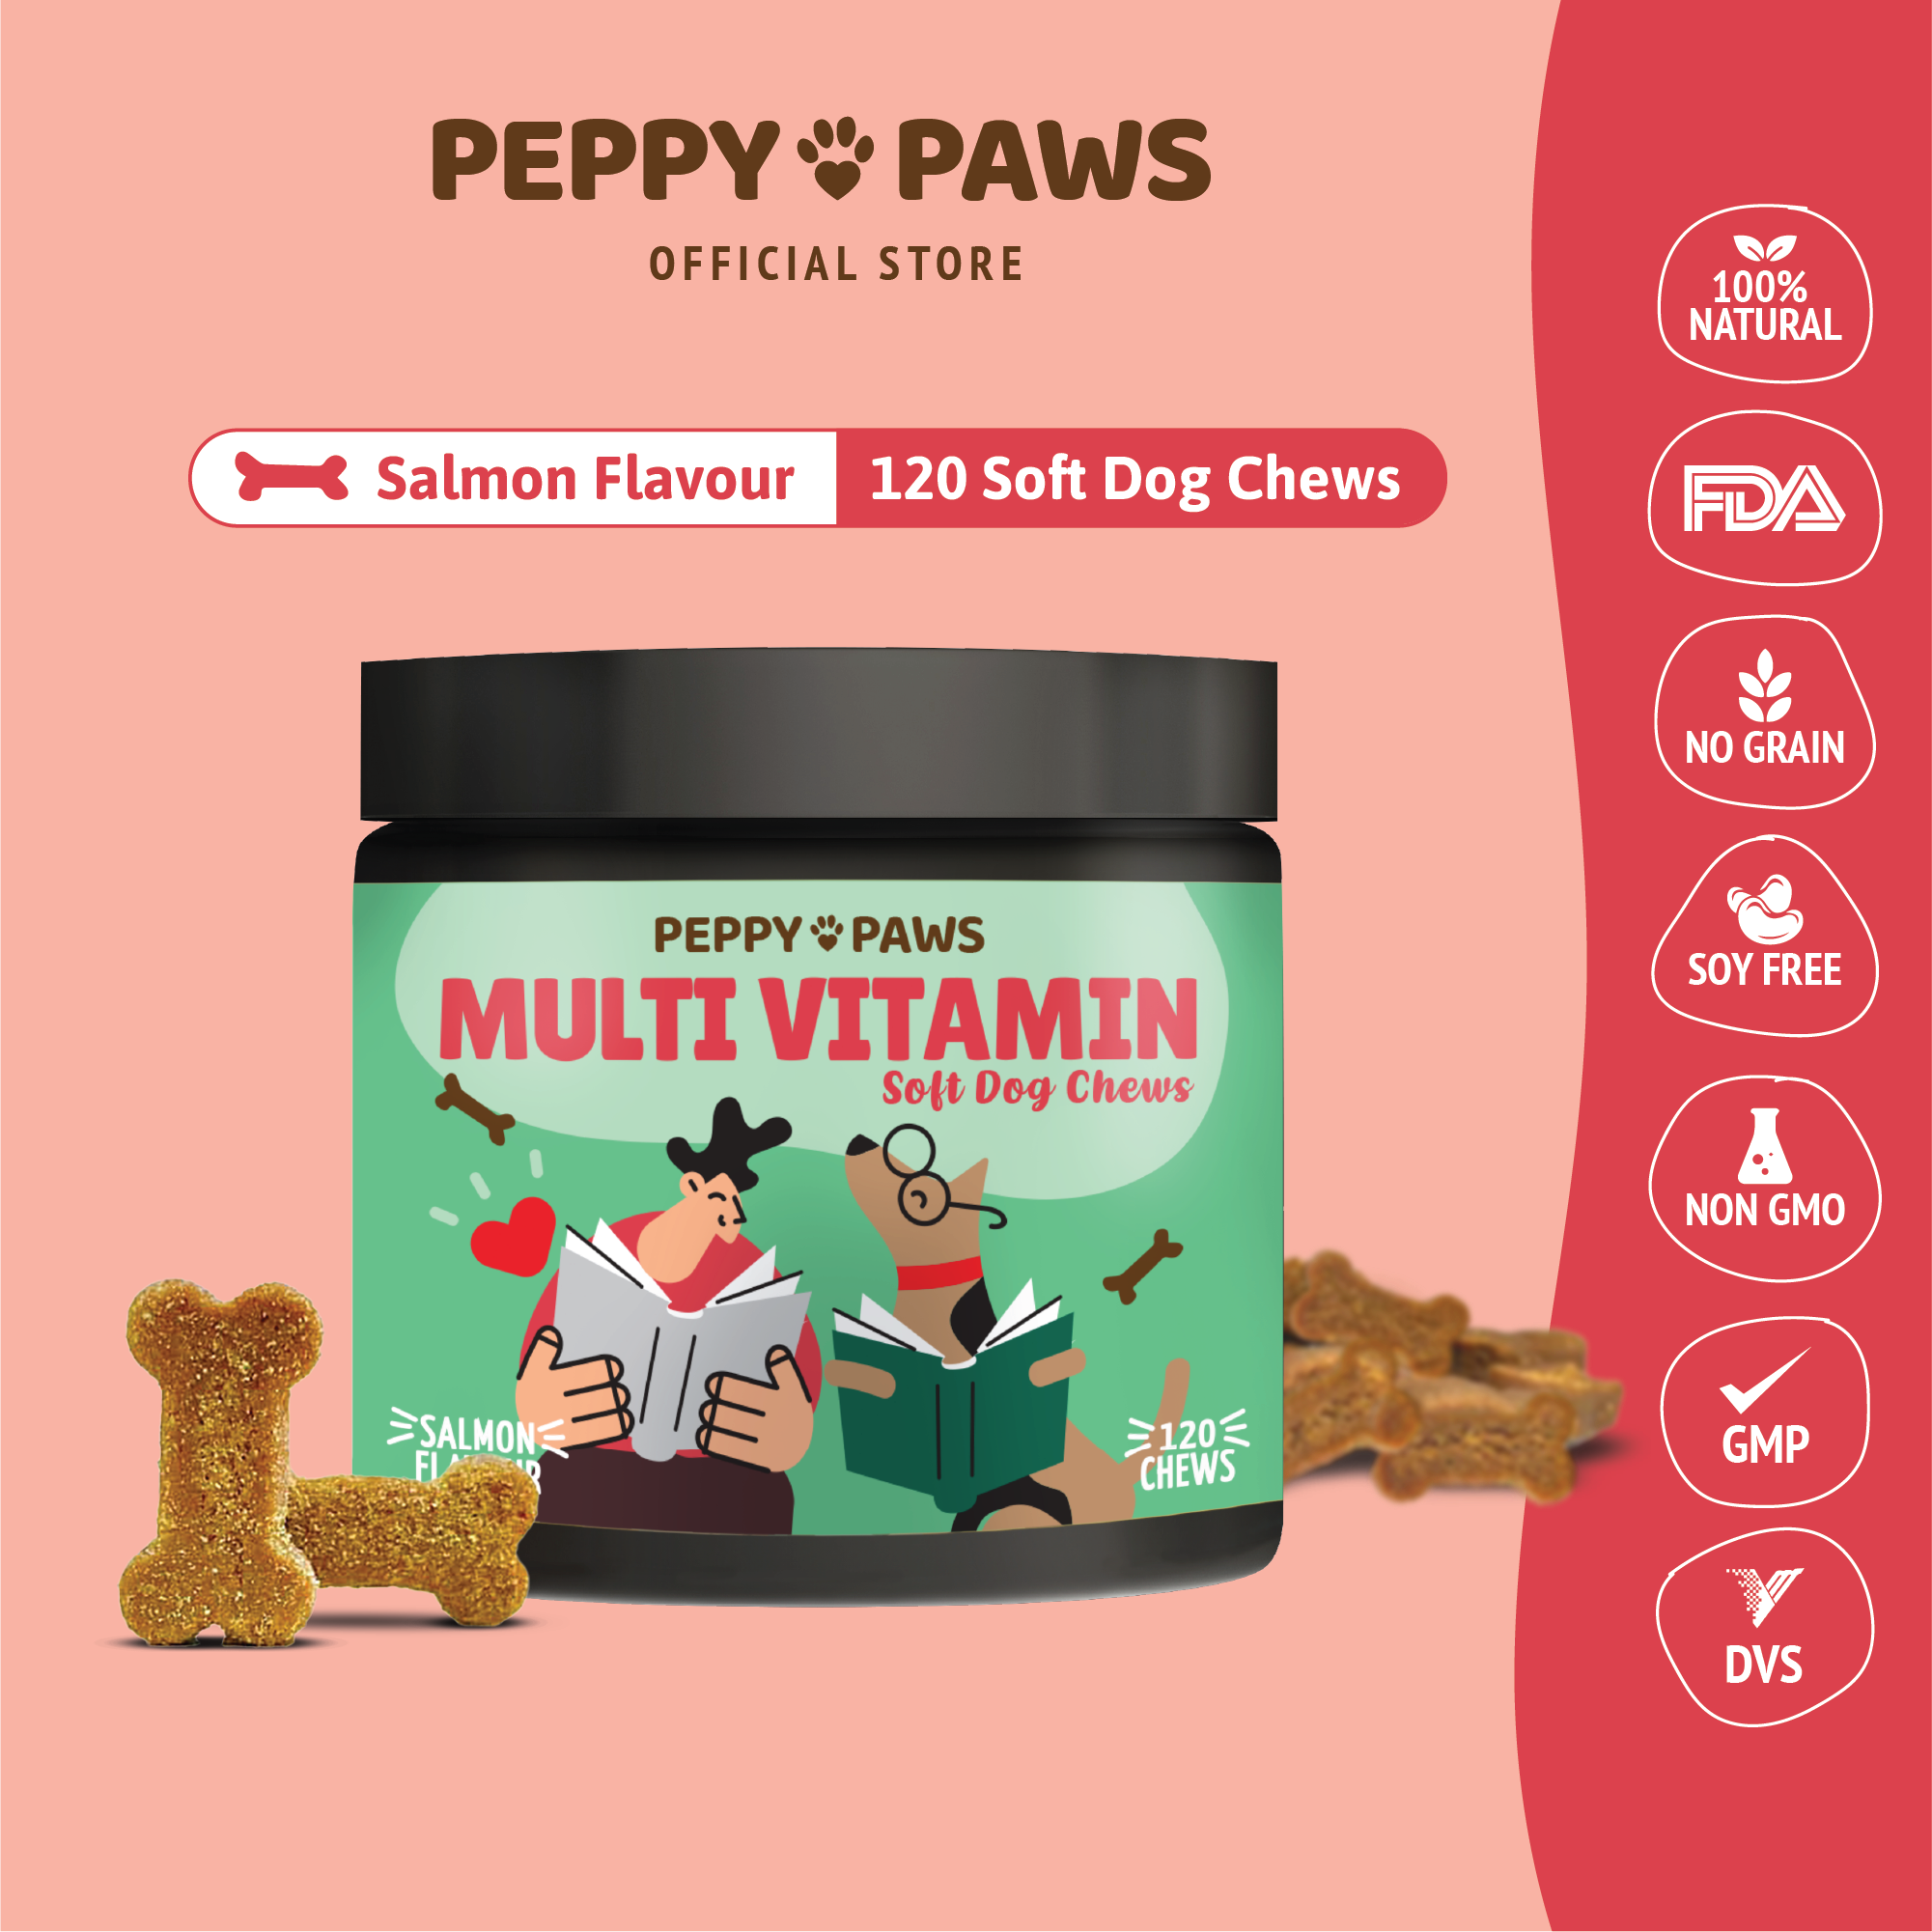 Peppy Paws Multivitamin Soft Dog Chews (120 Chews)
++++++++
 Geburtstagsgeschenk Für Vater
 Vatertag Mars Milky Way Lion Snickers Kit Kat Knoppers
++++++++
Problem requirements>
Please transcribe exactly the lines above from the line that has "Geburtstagsgeschenk Für Vater" up to and including the line that has "Vatertag Mars Milky"; no other line belongs in the answer.

Your response>
 Geburtstagsgeschenk Für Vater
 Vatertag Mars Milky Way Lion Snickers Kit Kat Knoppers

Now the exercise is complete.